* [What you should do]: Copy all records exactly; omit pictures.

* [Dataset]:
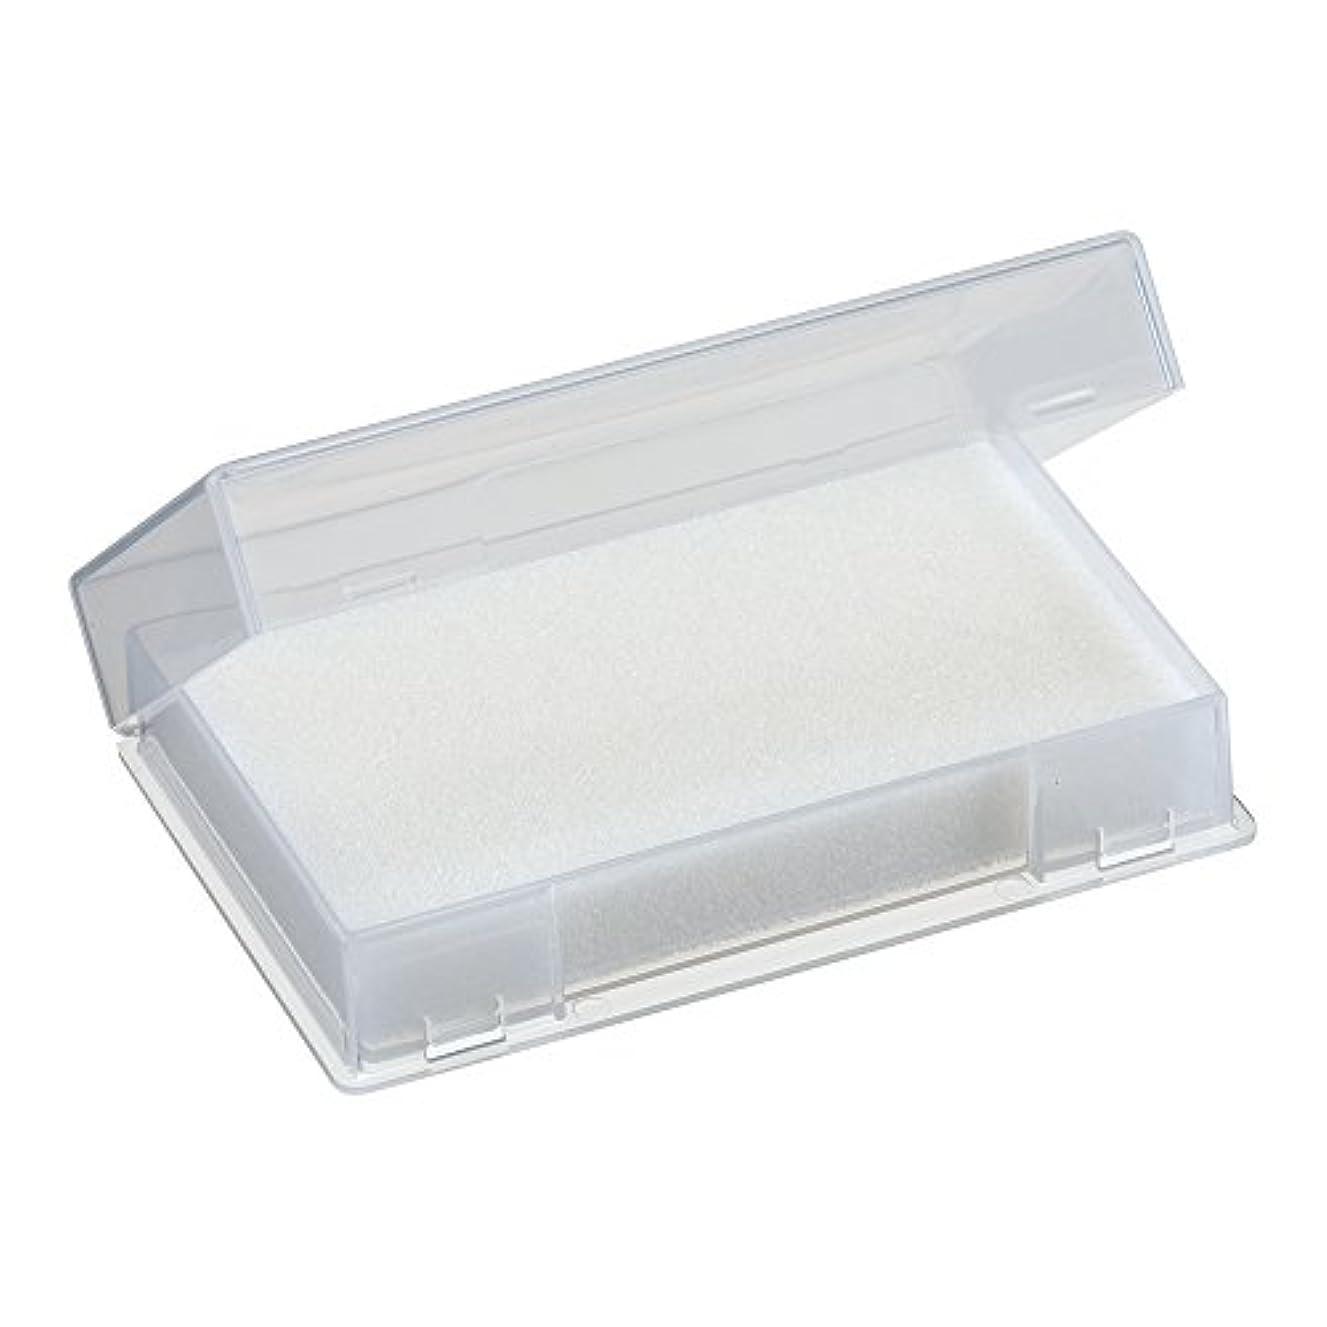 研磨栄養控えめなネイルチップケース ホワイト
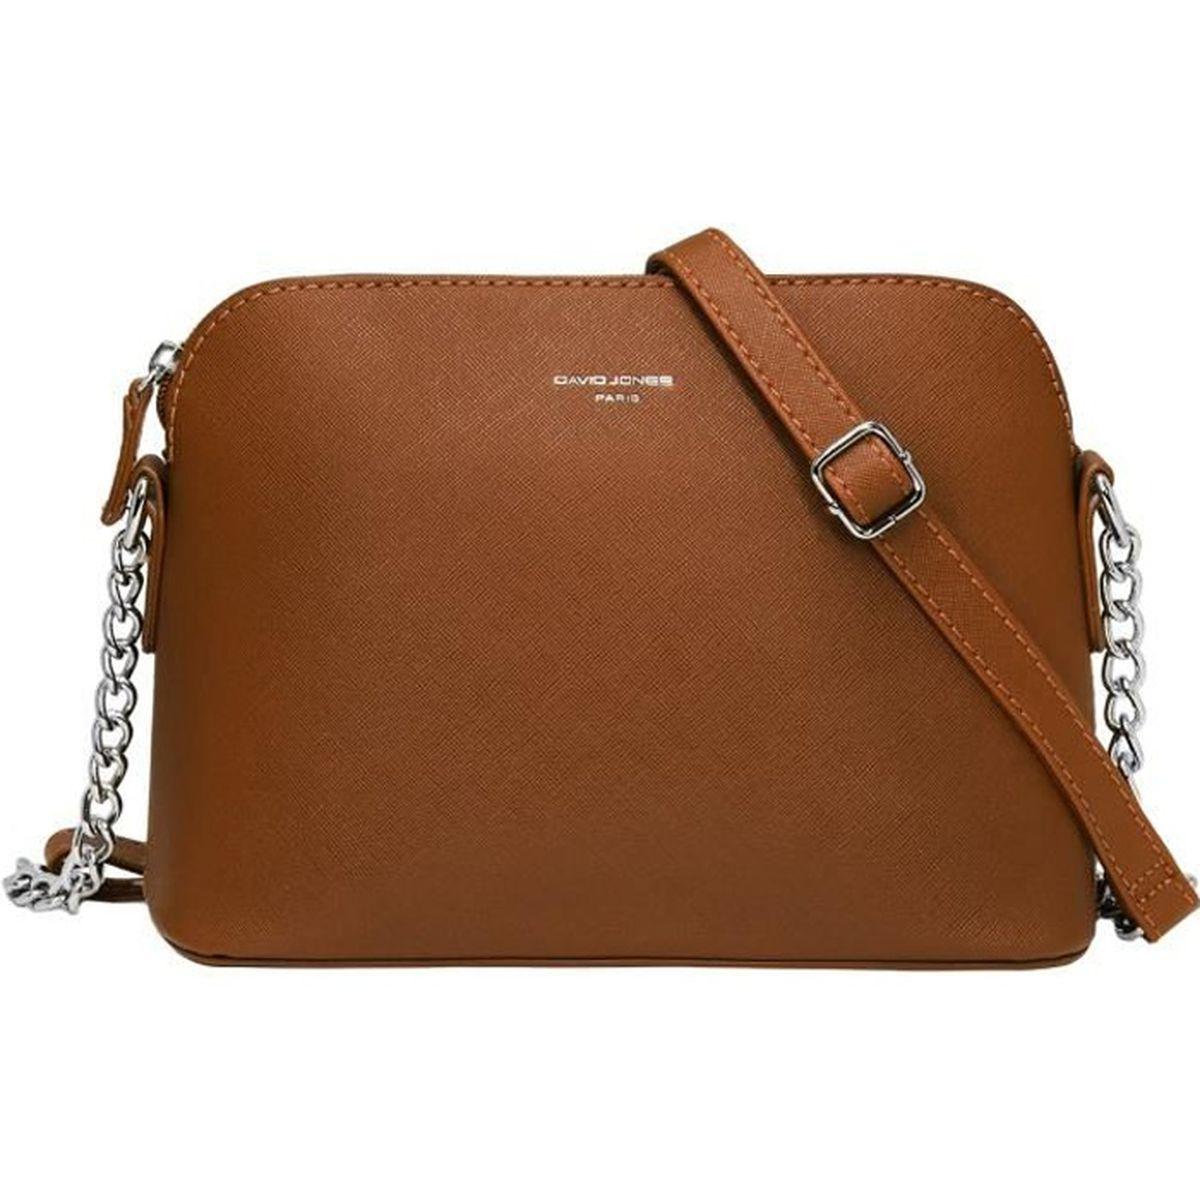 1b10622e97 Petit sac en cuir - Achat / Vente pas cher
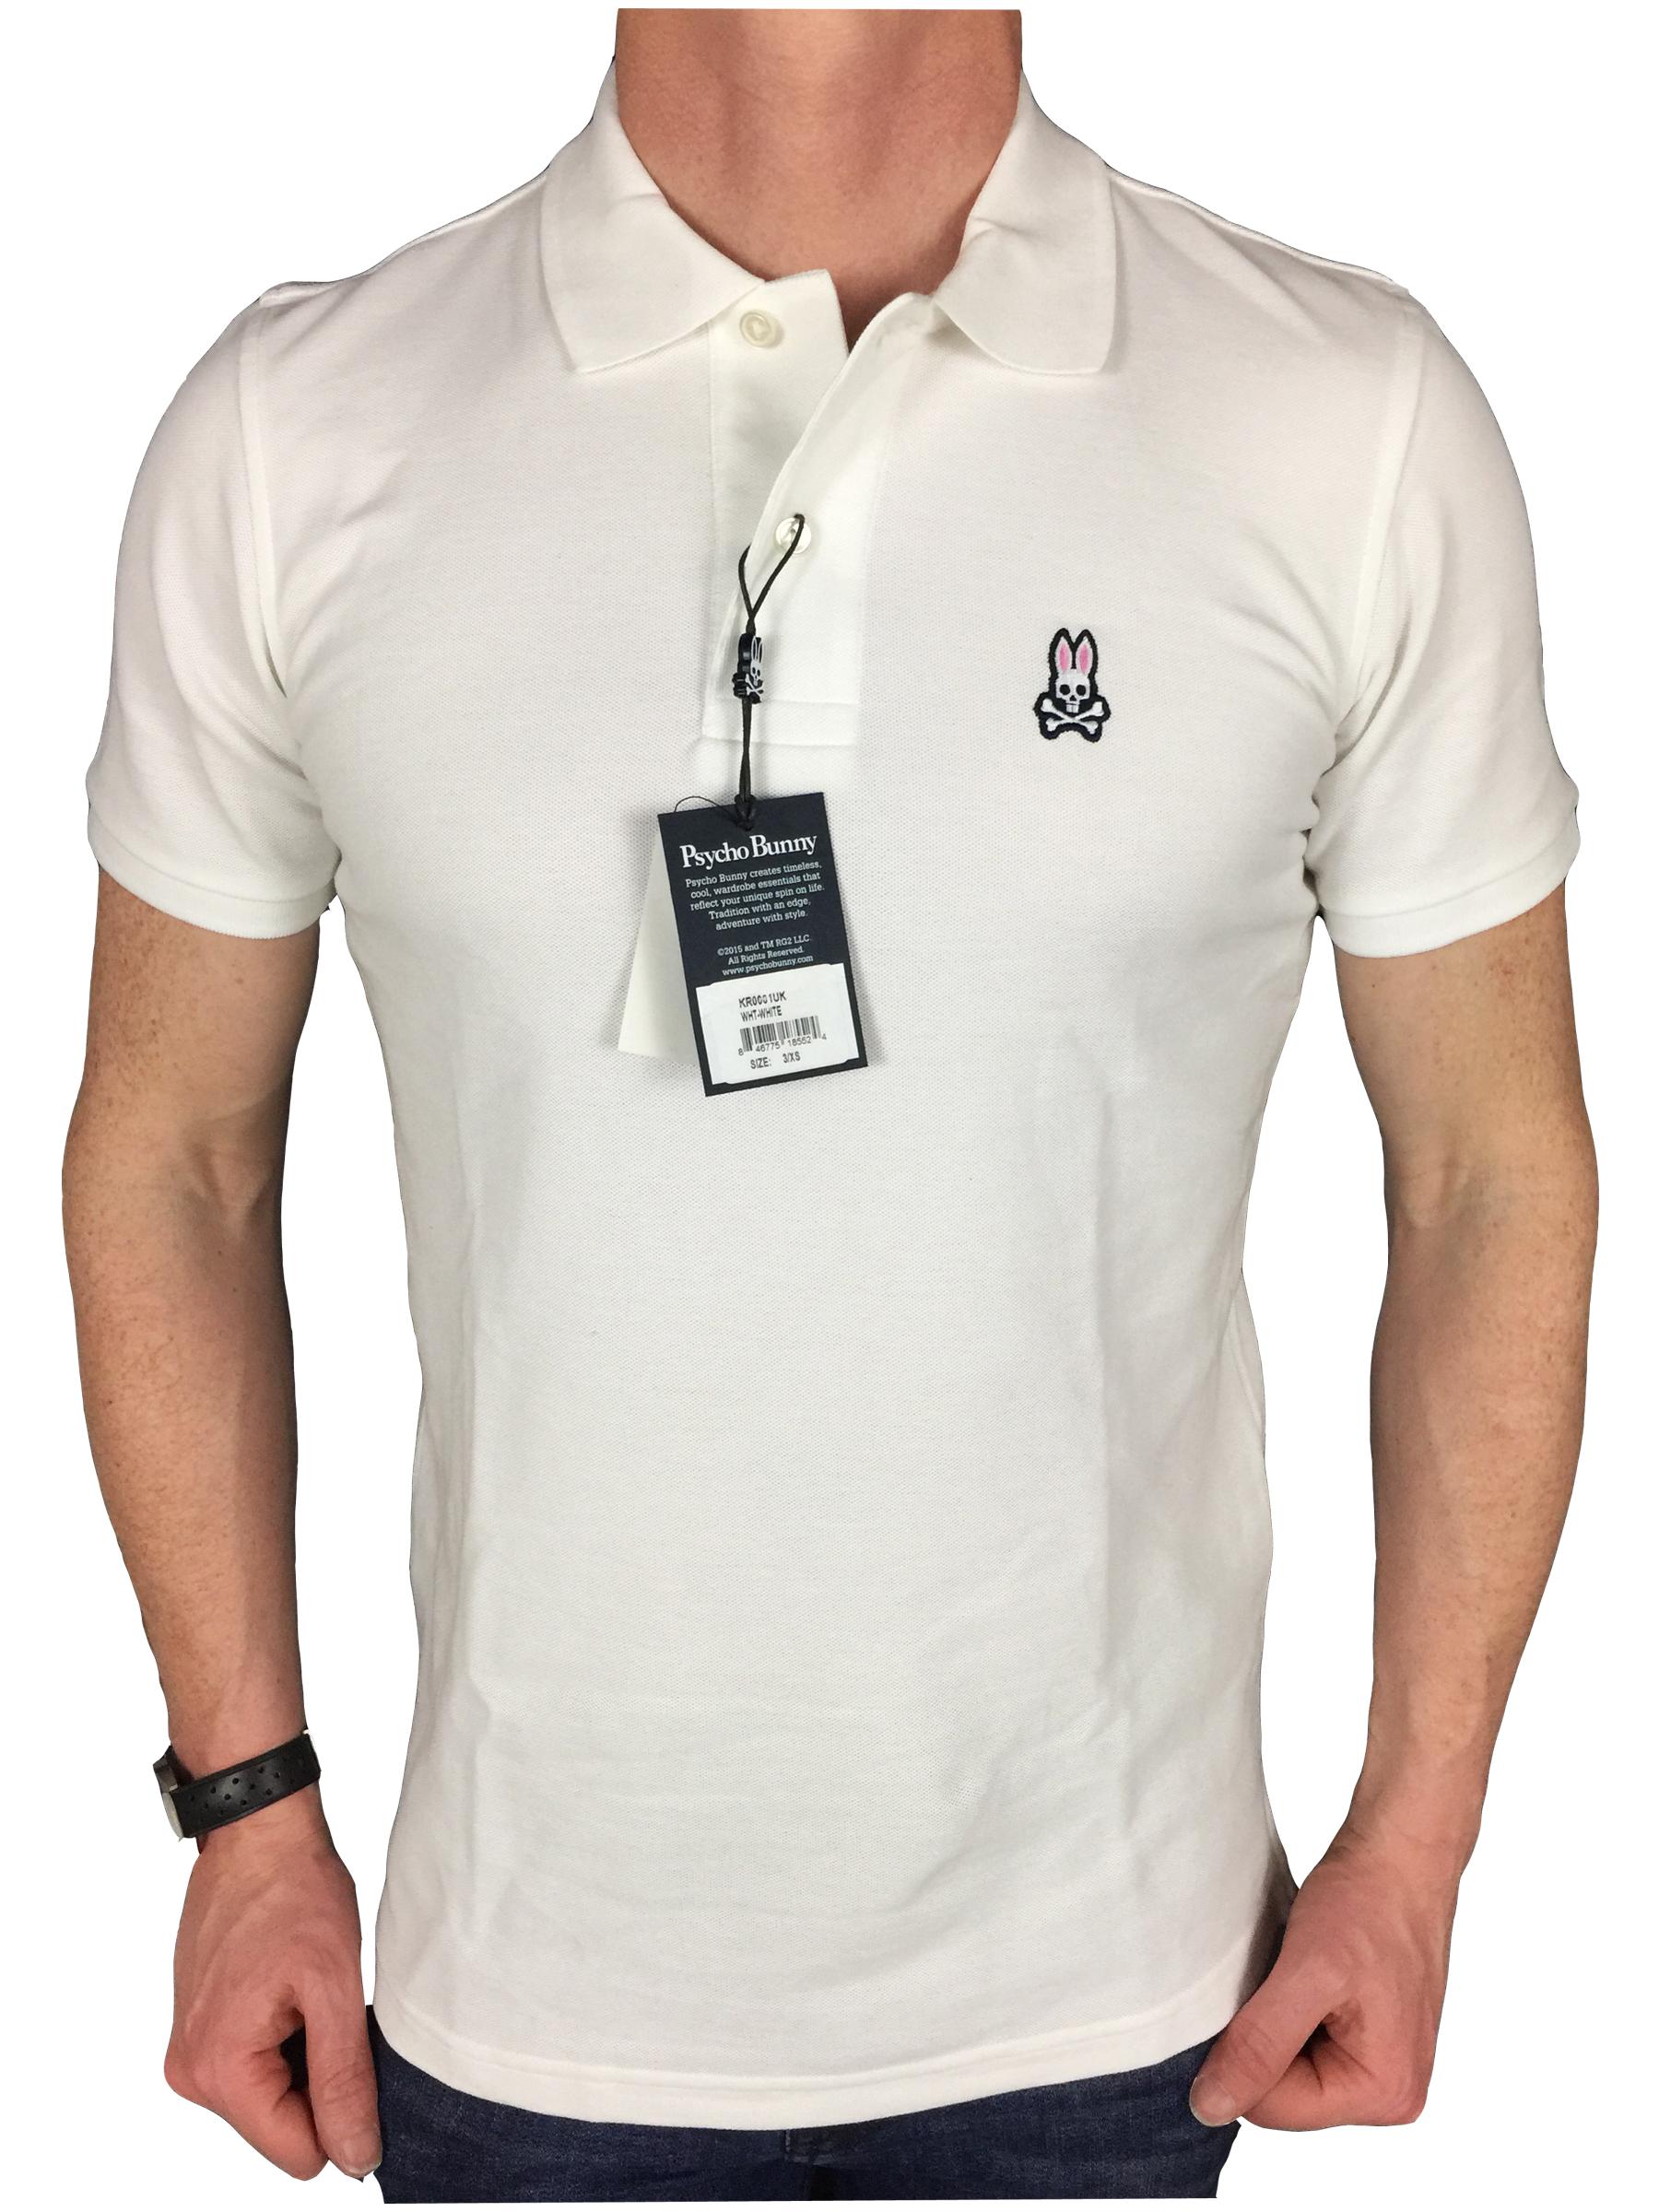 Psycho Bunny Mens S/S Logo Branded Polo Shirt in White | eBay
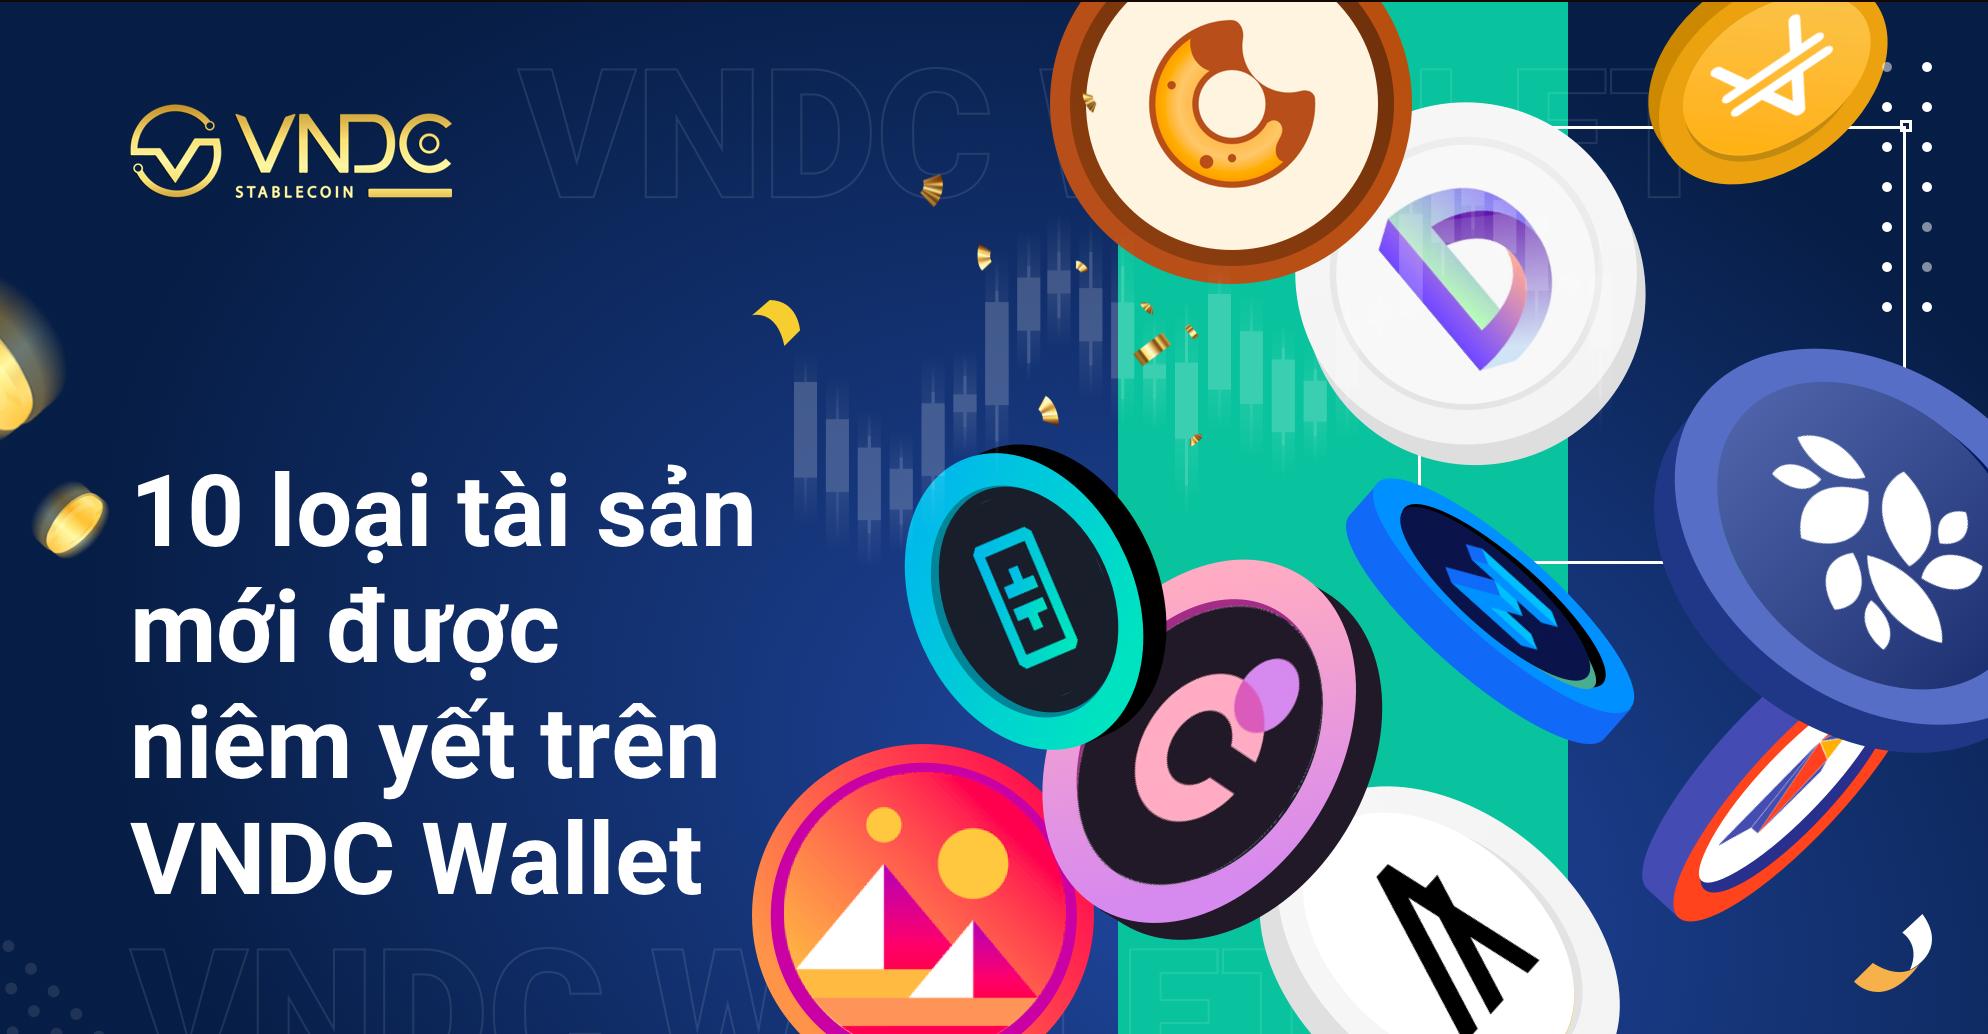 10 loại tài sản mới được niêm yết trên VNDC Wallet
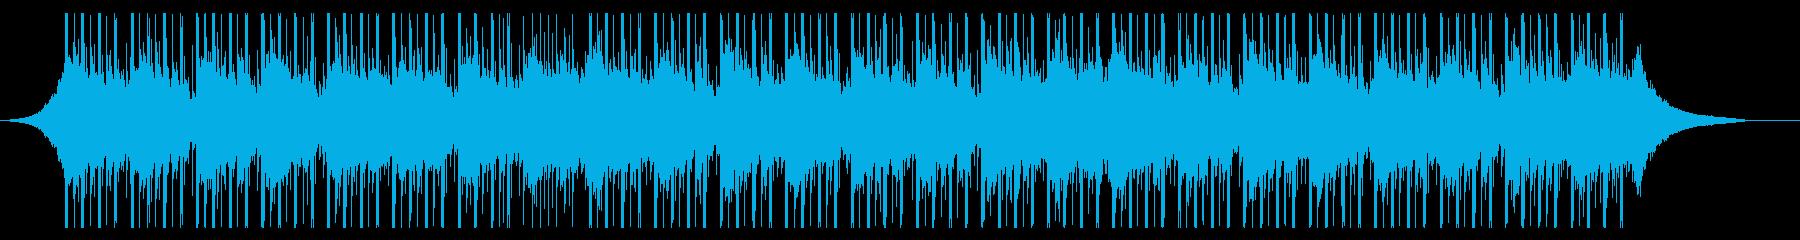 刺激的なインタビュー(60秒)の再生済みの波形

* [Finished task]:
 研磨栄養控えめなネイルチップケース ホワイト
 1b10622e97 Petit sac en cuir - Achat / Vente pas cher
 Psycho Bunny Mens S/S Logo Branded Polo Shirt in White | eBay
 10 loại tài sản mới được niêm yết trên VNDC Wallet
 刺激的なインタビュー(60秒)の再生済みの波形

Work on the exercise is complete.